Offering an industry-leading variety of scintillator materials for radiation detection and nuclear identification: Neutron-Gamma dual detection materials such as CLLB and NaIL, high-density LYSO with 36ns decay time and Enhanced LaBr with FWHM 2.2% at 662 KeV, in addition to traditional inorganic [NaI(Tl), LaBr, BGO, CsI, CdWO4] and organic scintillators (Solid BC-408) and fibers technology.
We also continue to develop new scintillators internally and with outside partners to meet current and future market needs.

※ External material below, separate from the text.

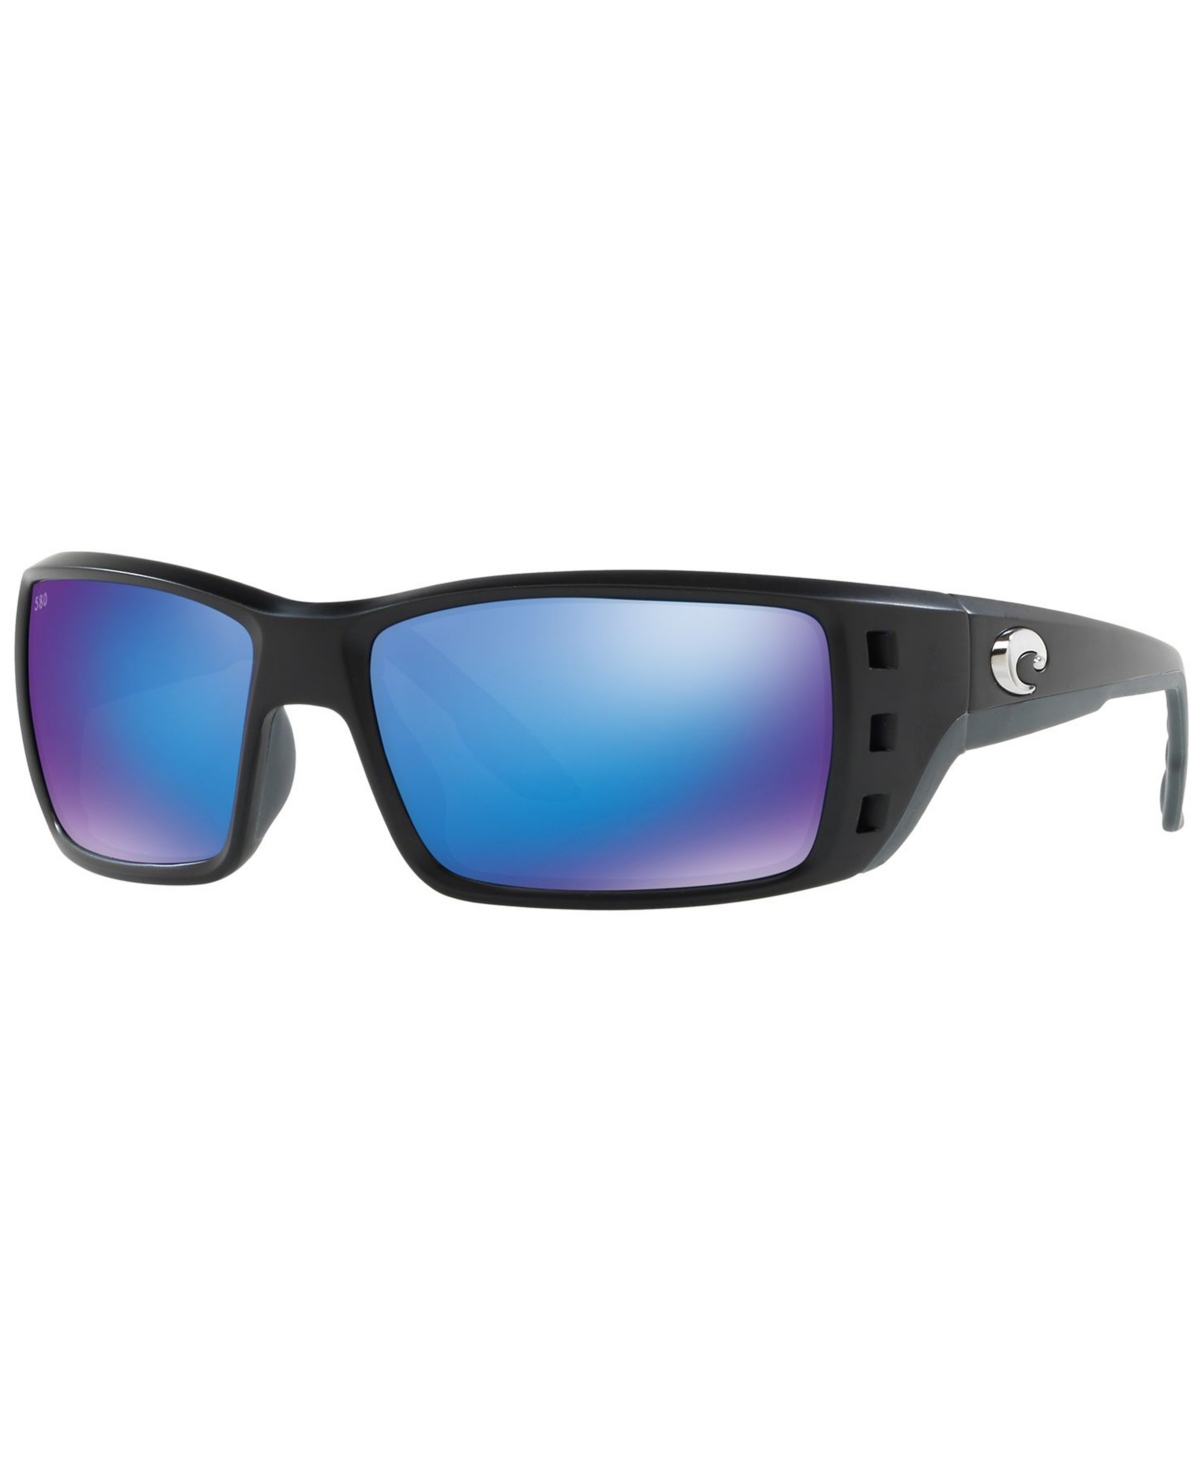 Costa Del Mar Polarized Sunglasses, Permit 62 In Black Matte,blue Mirror

Saint-Gobain has developed internal raw material chemistry capabilities and growth processes for most of these materials. By processing our raw materials in-house, we can control performance, especially light output, and quality consistency.
In addition, Saint-Gobain has developed unique cutting, shaping, and packaging equipment and facilities. This allows us to form scintillators into almost any shape that could be asked for, including cylinders, rectangles, annuli, pixels, cubes, curved, arrays, bars, well, large format, plates, spheres, near net shape.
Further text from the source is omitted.